WHAT YOU WILL DO: Each line below from the "complete sale model" line through the "Chanel Black Wool Suit 4" line, those two included, must be restated word for word; the pictures must not be.

DATASET CONTENT:
◆ ◆ ◆ ◆ ◆
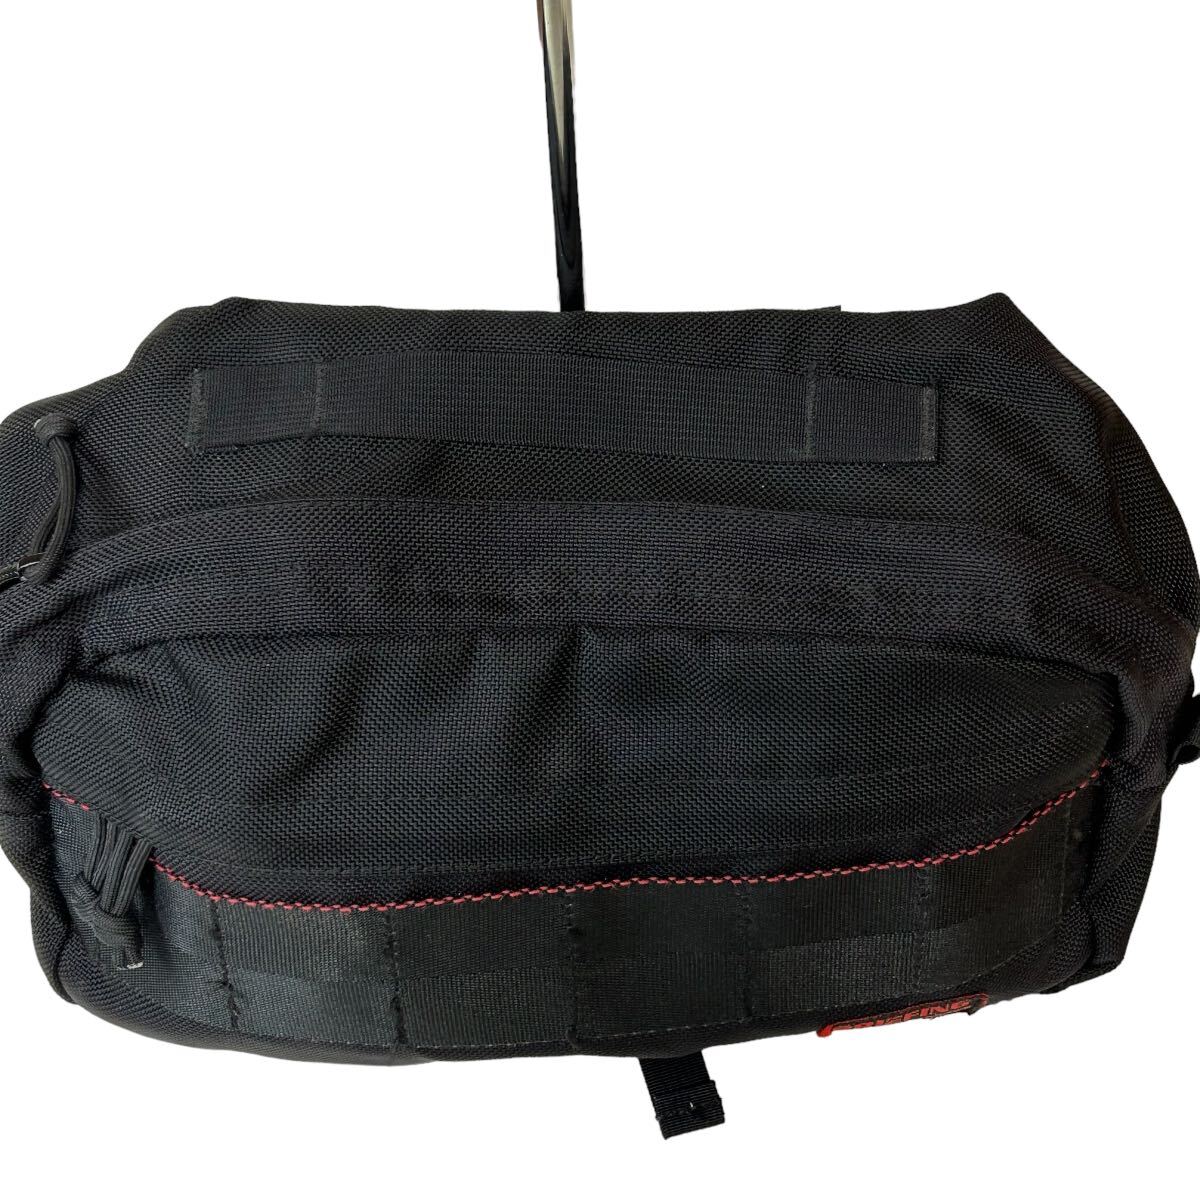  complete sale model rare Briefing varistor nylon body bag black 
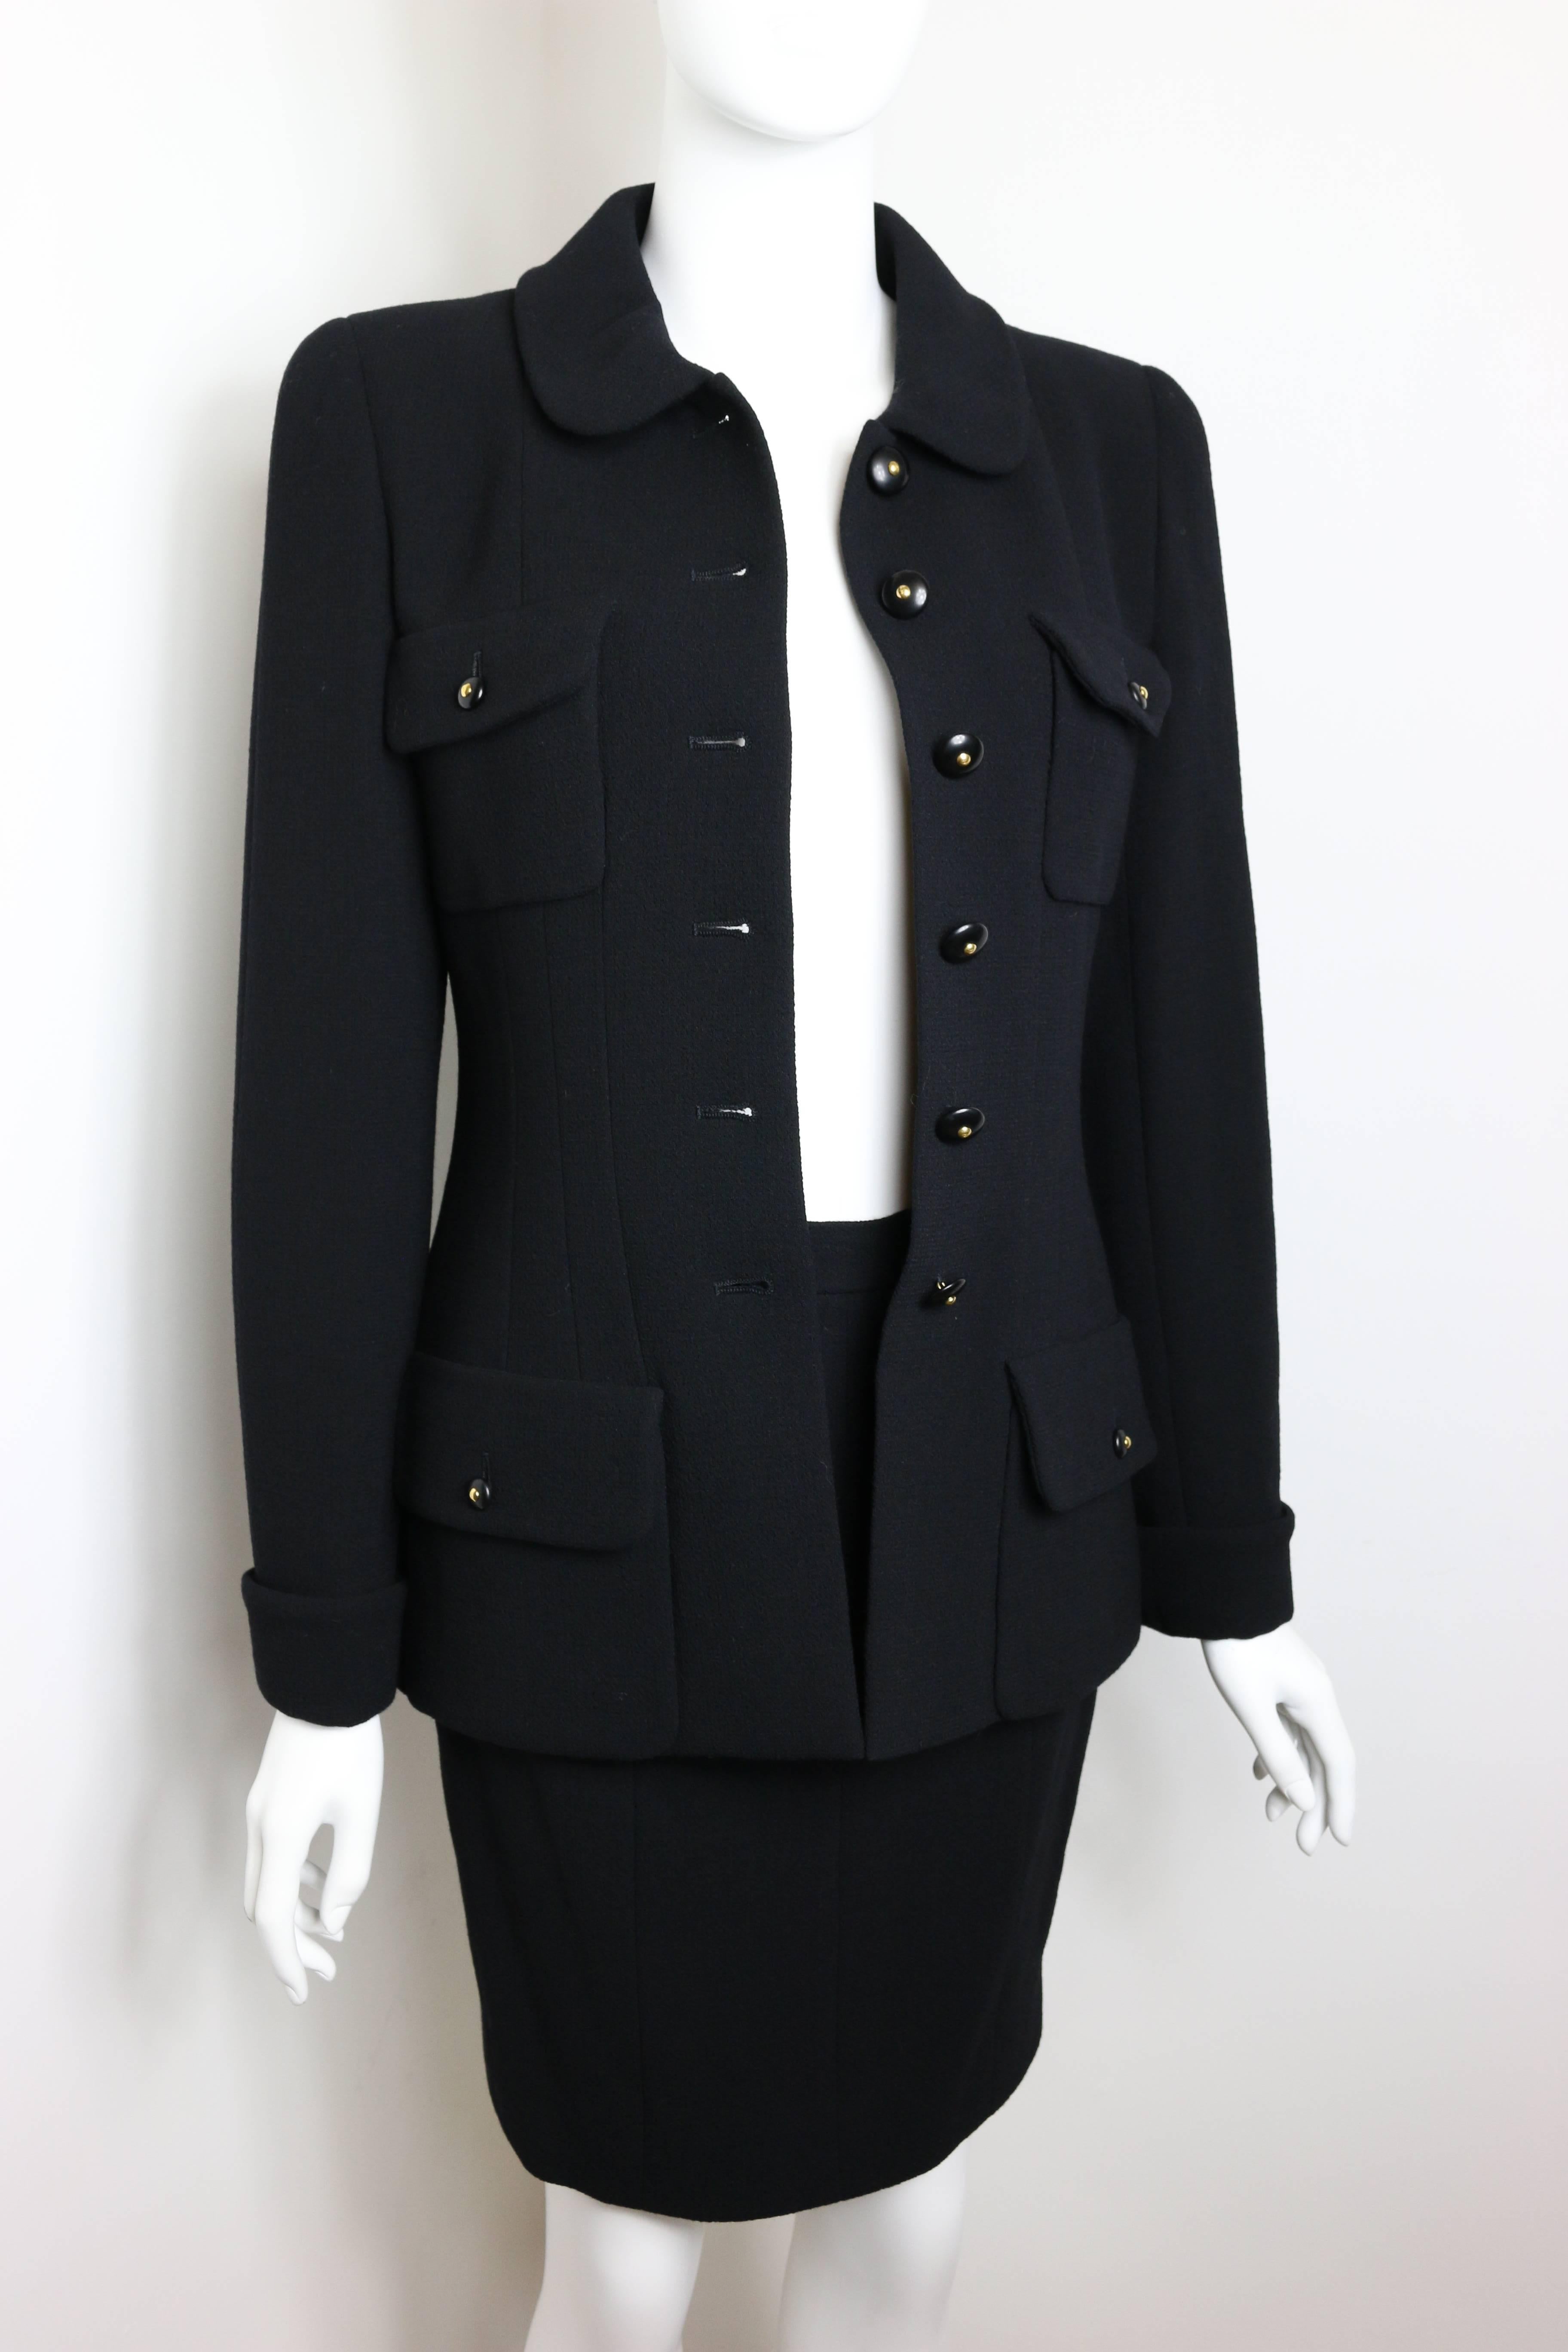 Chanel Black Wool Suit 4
◆ ◆ ◆ ◆ ◆
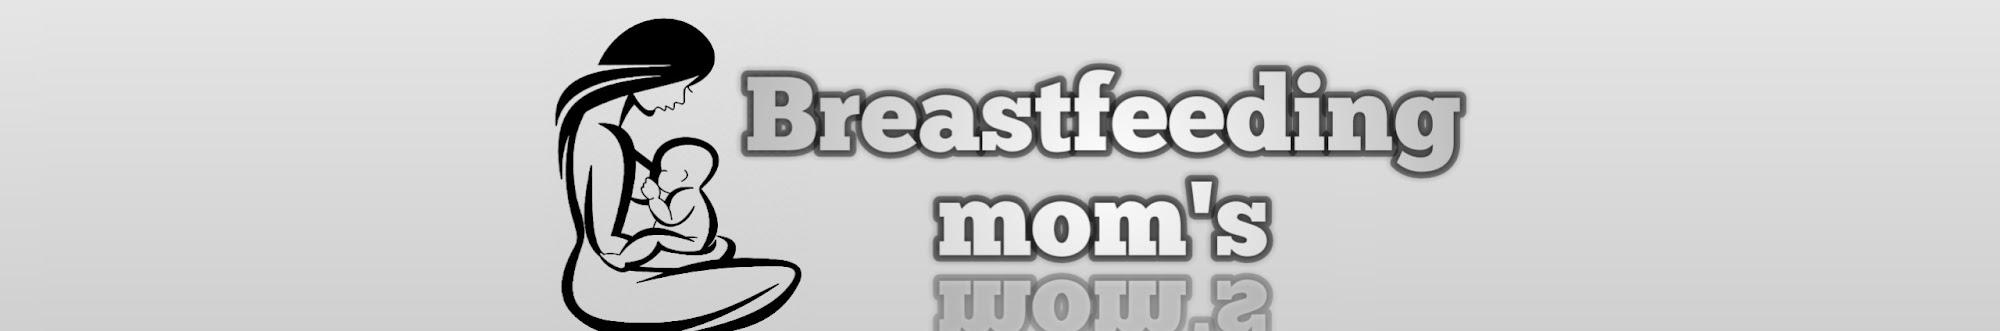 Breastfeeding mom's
◆ ◆ ◆ ◆ ◆
RESPONSE AREA:
  complete sale model rare Briefing varistor nylon body bag black 
 Chanel Black Wool Suit 4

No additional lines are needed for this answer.